A system according to any one of the preceding claims wherein the one or more exhalation airflow sensors is configured to detect one or more properties selected from a drop in air flow rate, pressure or volume across the filter.
A system according to any one of the preceding claims wherein the controller is configured to determine that the filter should be replaced by comparing the detected exhaled airflow property with a predefined threshold.
A system according to claim 10 wherein the controller is configured to output an alert via a feedback means within the system and/or via a remote device that is communicatively connected to the controller when the controller determines that the filter should be replaced.

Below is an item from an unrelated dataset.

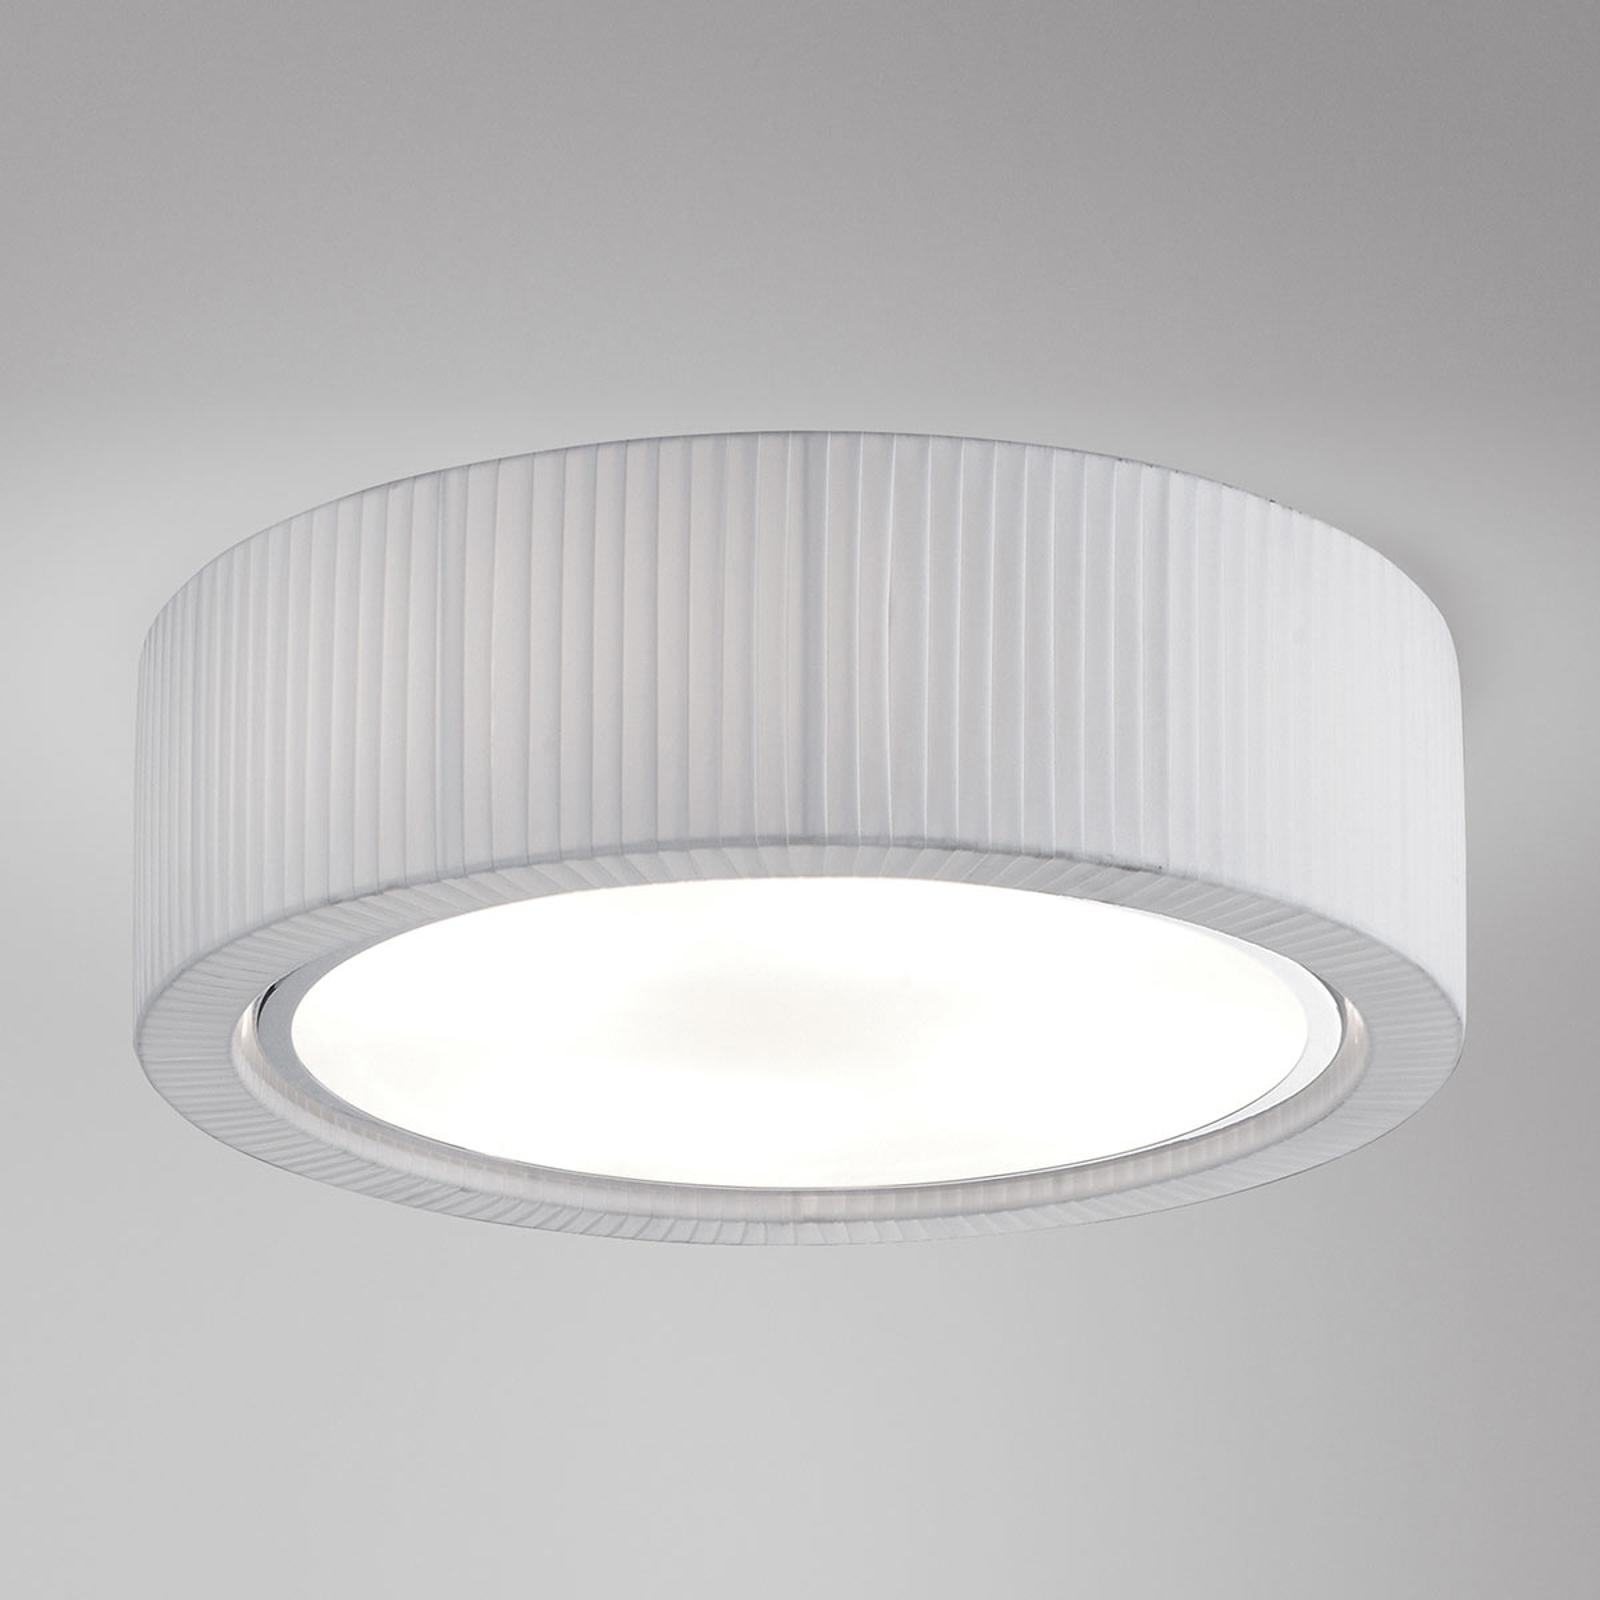 Bover Urban PF/37 plafondlamp, wit, 37 cm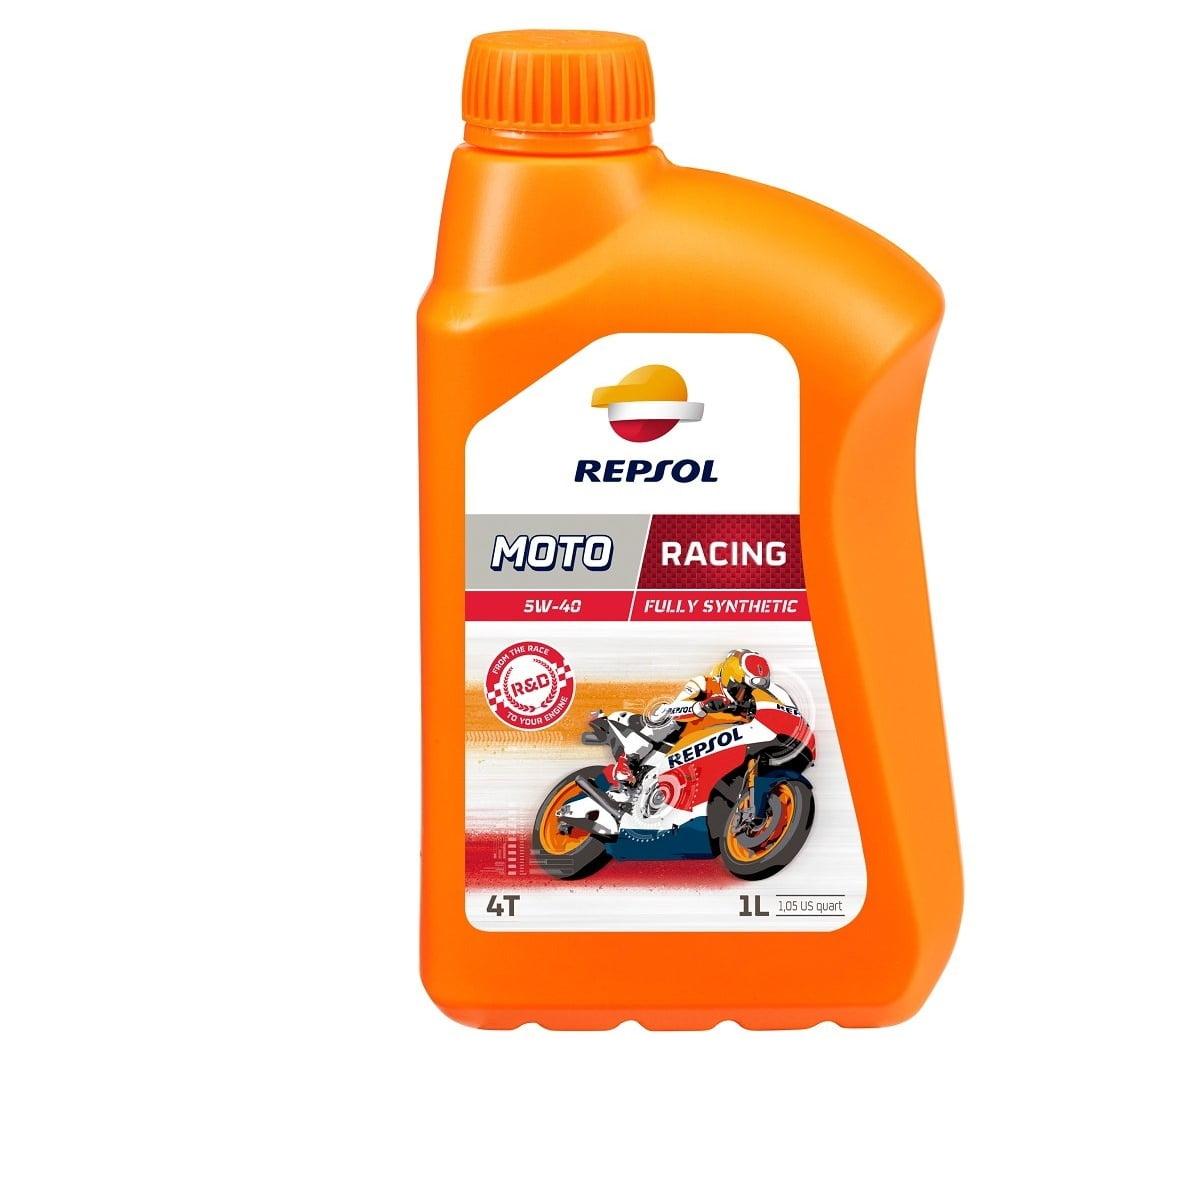 Oleo Repsol Moto Racing 5w40 4T Sintético 1lt em até 6x sem juros

A system according to any one of the preceding claims wherein the system comprises an aerosol delivery device and a component for containing an aerosol precursor, and wherein the filter is provided within the device.
A method of monitoring the state of a filter in an aerosol generating system according to any one of claims 1 to 12, the method comprising detecting an airflow property of exhaled air passing through the filter; and determining a state of the filter based on the detected airflow property of exhaled air.
A computer-implemented method comprising the method of any claim 13.
A computer-readable medium containing instructions configured to, when executed by a processor or by an application installed on a mobile device, cause the processor or application to perform the method of claim 14.